# Confidence up & down!!!



## jrf500 (May 9, 2011)

I don't know if anyone else is experiencing this issue....but my confidence in whether I'll pass the April exam or not has been all over the place. There are days I think I nailed it and am just waiting for the pass letter, then there are days I'm certain I failed and feel that I might as well start studying again. I've honestly talked myself into believing both sides many times now. I know none of it matters really, just have to wait for the results....but it's a weird thing I've noticed.

Also, the first week or so waiting for results sucked....then it got better for a few weeks and I barely thought about it. Now it's back on my mind again. I guess just another part of my mind that's all over the place!

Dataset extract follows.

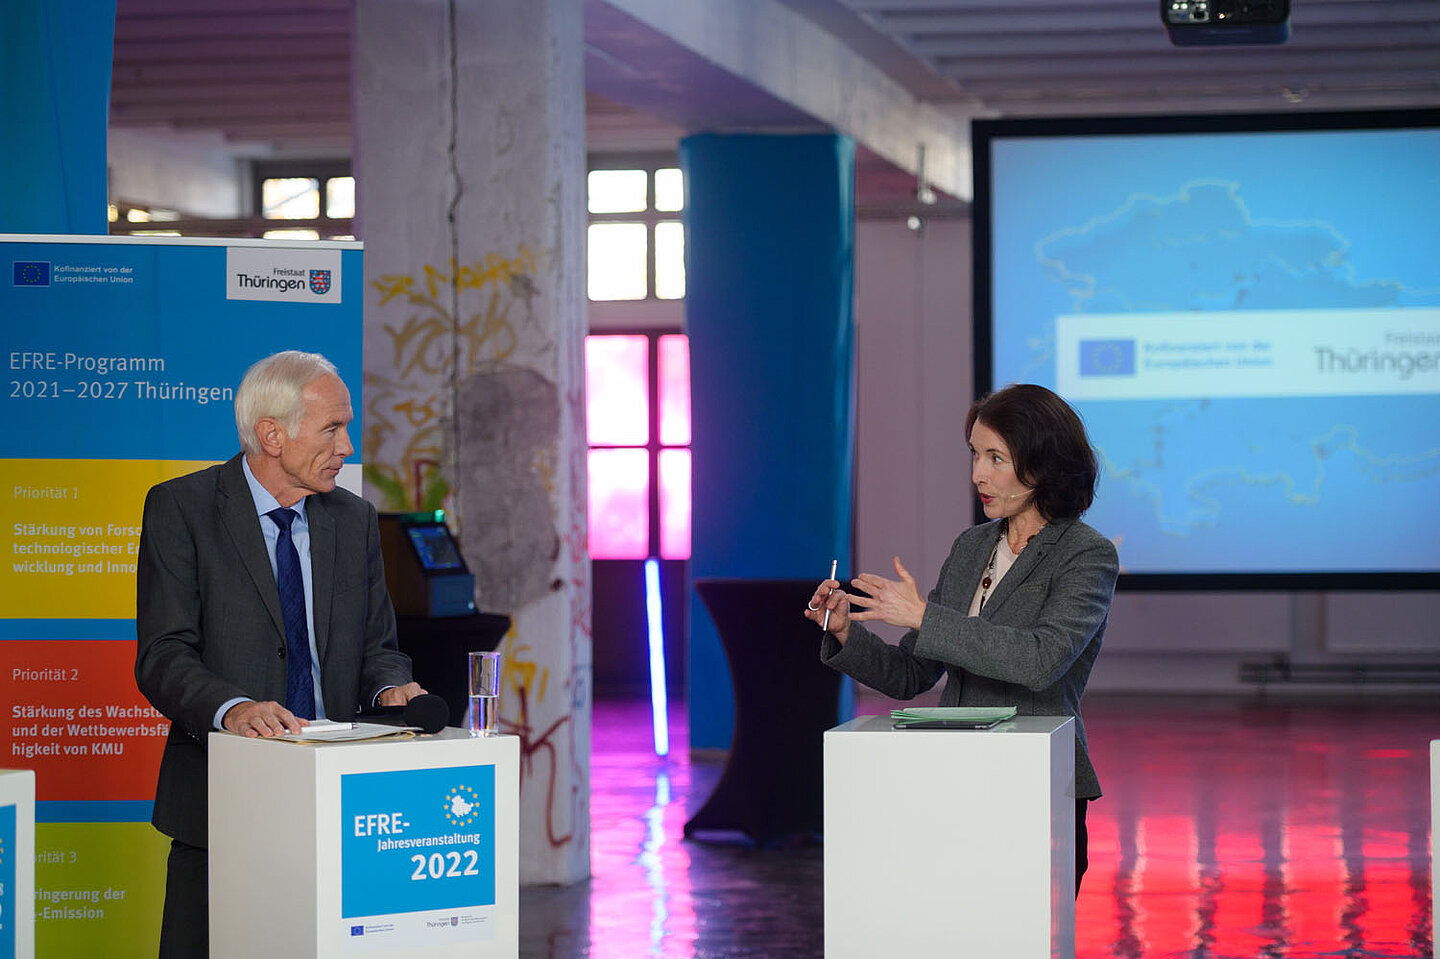 Podiumsdiskussion während der EFRE-Jahresveranstaltung 2022

Well, good luck to all who are waiting on results. Also, good luck to all who are starting to think about prepping for the October exam (I hope this is a different group of people entirely from the group that's waiting on results!!).

Take care all and I hope you hear good news soon!


----------



## Mary Faye (May 9, 2011)

Thanks for the encouragement lol


----------



## csb (May 9, 2011)

It does get worse, only because you start really knowing results are almost out and other states start getting results. However, here's the deal- don't study. Unless you guessed on the entire exam, you just don't know and you probably passed, but you're just doubting because you can't know and now you're forgetting the exam. DON'T STUDY. Even if you failed (fingers crossed you didn't), you'll have plenty of time to study. Relax, enjoy life, it'll be okay


----------



## maximus808 (May 10, 2011)

Guys, I know exactly how you are feeling. I failed the April 2010 exam and passed the October 2010 exam and both times waiting for the results were nerve wrecking. What I can tell you is that the second time, I had confidence I did better than the first time so it made me forget about the exam up until the last month waiting. I agree with others to enjoy this time off. Do not study, relax, catch up with friends and family, and focus on work  If you don't pass this time, don't worry, there's always a next time. I people who have taken it more than 5 times and are still going for it. I admire their determination and one day they will pass. I had a friend who took the CPA exam a total of 16 times to pass all four exams.....so don't worry guys, if you keep trying...you will pass.

And trust me, getting that PASS letter has got to be one of the top happiest moments in your life


----------



## maximus808 (May 10, 2011)

Guys, I know exactly how you are feeling. I failed the April 2010 exam and passed the October 2010 exam and both times waiting for the results were nerve wrecking. What I can tell you is that the second time, I had confidence I did better than the first time so it made me forget about the exam up until the last month waiting. I agree with others to enjoy this time off. Do not study, relax, catch up with friends and family, and focus on work  If you don't pass this time, don't worry, there's always a next time. I people who have taken it more than 5 times and are still going for it. I admire their determination and one day they will pass. I had a friend who took the CPA exam a total of 16 times to pass all four exams.....so don't worry guys, if you keep trying...you will pass.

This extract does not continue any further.